Following an appeal, Samutsevich was released on probation on 10th October (essentially because she didn’t appear in the video.) Two other members of the Anti-Kremlin group have allegedly fled Russia to avoid imprisonment.  During the past week it emerged that Nadezhda Tolokonnikova and Maria Alyokhina were going to be sent to two prison camps far away from their homes.

Alyokhina will serve the remainder of her sentence at a women's prison camp in Perm, a Siberian region notorious for hosting some of the Soviet Union's harshest camps. Tolokonnikova has been sent to Mordovia, a region that also hosts a high number of prisons, this has drawn criticism as her legal team don’t know which camp she is being sent to. Both had petitioned to serve their sentences in Moscow to be closer to their children (Alyokhina has a five-year-old son named Filipp, while Tolokonnikova has a four-year-old daughter named Gera.)

This has attracted considerable criticism, especially from the West, while public opinion in Russia has generally been less sympathetic. In an interview with The Guardian, Pussy Riot accused Putin and the Church of orchestrating this case. While many news broadcasters were critical of the performance in the Cathedral, the overwhelming opinion outside Russia is that the two-year prison sentence was disproportionate.

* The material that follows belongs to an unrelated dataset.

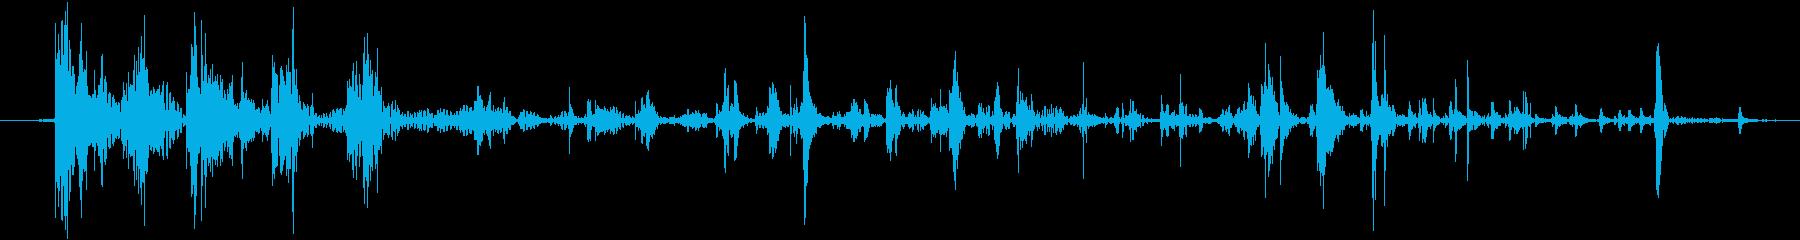 SHORT JUICY SQUIR...の再生済みの波形
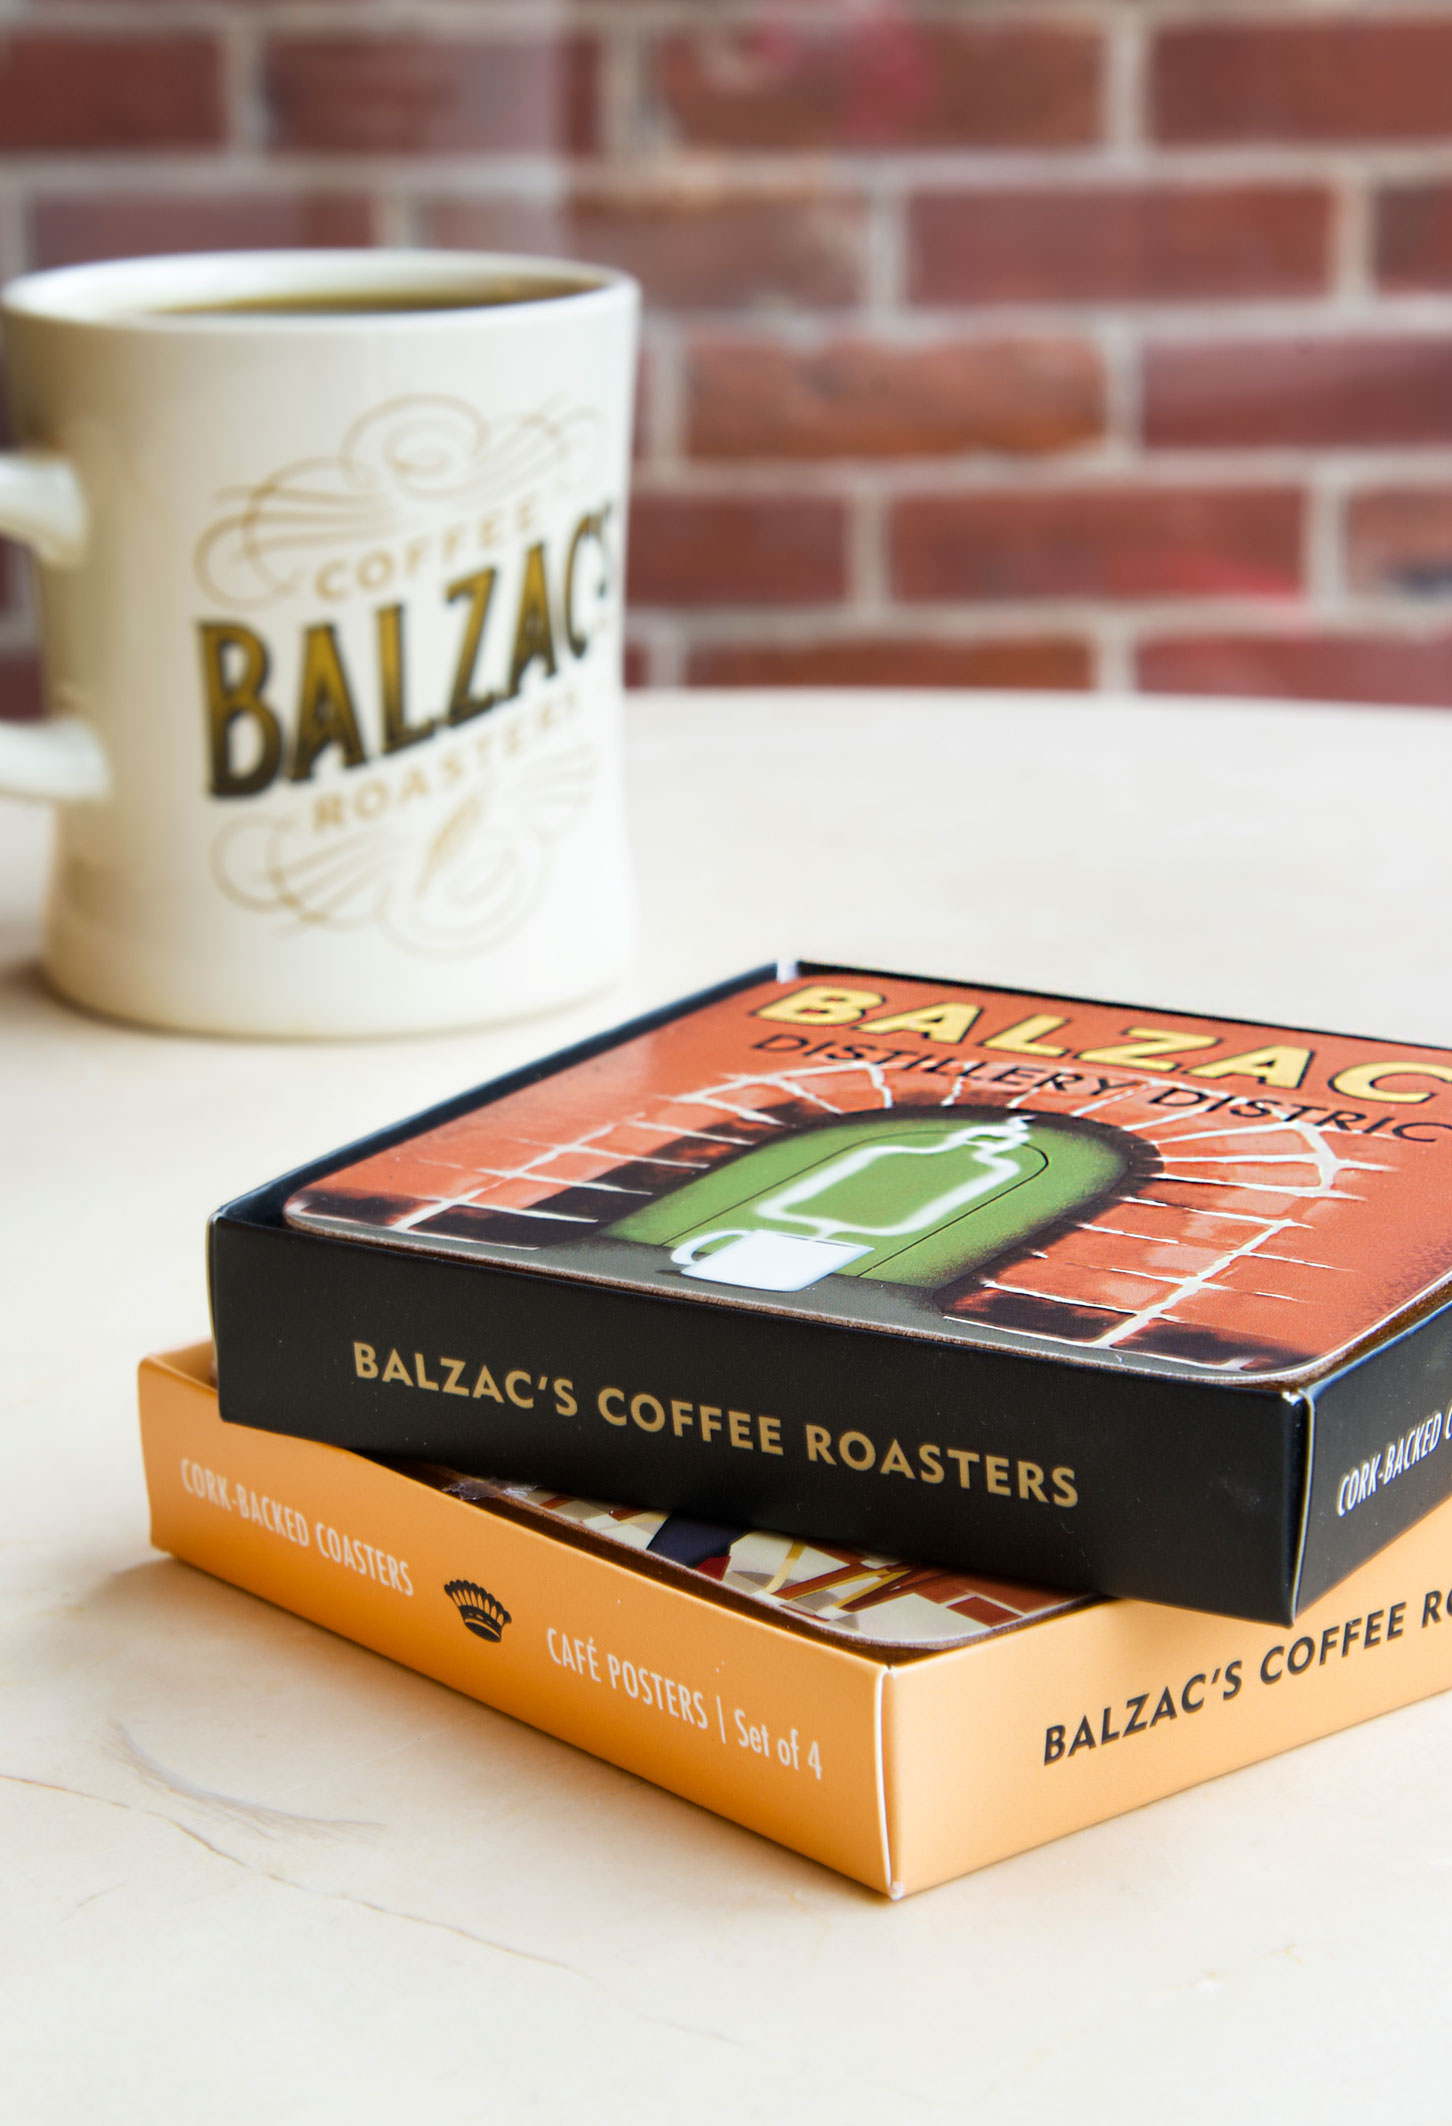 Chad Roberts Chad Roberts Design Ltd. Balzac's Coffee Roasters Brand Identity Design Merchandise Design

The case has caused many important figures to speak out publicly against what has happened. President Obama expressed his disappointment, and stated "we have serious concerns about the way that these young women have been treated by the Russian judicial system."

Other international figures such as Bjork, Stephen Fry, Green Day, Madonna and Sir Paul McCartney have voiced their support for the release of the group, or expressed concern over the fairness of the trial. Protests were held around the world after the sentence was announced and Amnesty International declared August 17th "Pussy Riot Global Day."

Despite this outpouring of international support, in Russia itself the reception for Pussy Riot is a lot more lukewarm. A poll taken by the Levada Center, an analytics organisation, showed that only 6% sympathised with Pussy Riot, 44% believed the trial was "fair and impartial", while 17% believed it was not. In addition 86% thought the group deserved some form of punishment, with 33% believing a sentence of two to seven years was “appropriate”, and 43% saying two or more years was “excessive”. Tellingly, 15% said they should not have been prosecuted in court.

However a spate of copycat acts have been carried out recently. Supporters of the group vandalized Qvashveti Church in Georgia, and in September an elderly man poured ink over an icon in the Cathedral of Christ the Saviour. He called his action "a protest against the Russian Orthodox Church and its position in the case of the Pussy Riot punk band.”

It has to be asked whether or not Putin has overplayed his hand with this. It is understandable that he wants to make an example to others, but the international outrage that this has caused would surely serve to inspire more? He hugely under-estimated the Russian and foreign reaction to this; while he may feel like a superstar when he’s posing in front of cameras with his shirt off, does this show that the leader is feeling fragile enough to question whether a punk band can damage his hold over 'democratic' Russia? 

While plenty of Western artists did, and still do outrageous things like this every day, is it easy to forget what a parallel universe Pussy Riot are living in. From our comfortable seat in the West, it is so easy to make protests and not get sent to prison. This shows that Western values and official Russian ones are still miles apart. The reaction to this protest was indeed, a very Russian one. To us Westerners, it seems barbaric, but like the poll shows, many Russians think it was an appropriate punishment. Their behaviour is indeed worlds apart from the stereotypical Western feminists who protest in the safety of a Western democratic system; they are still expressing their art and message through vandalism. There's a clear line (especially in Russia) and they've surpassed it.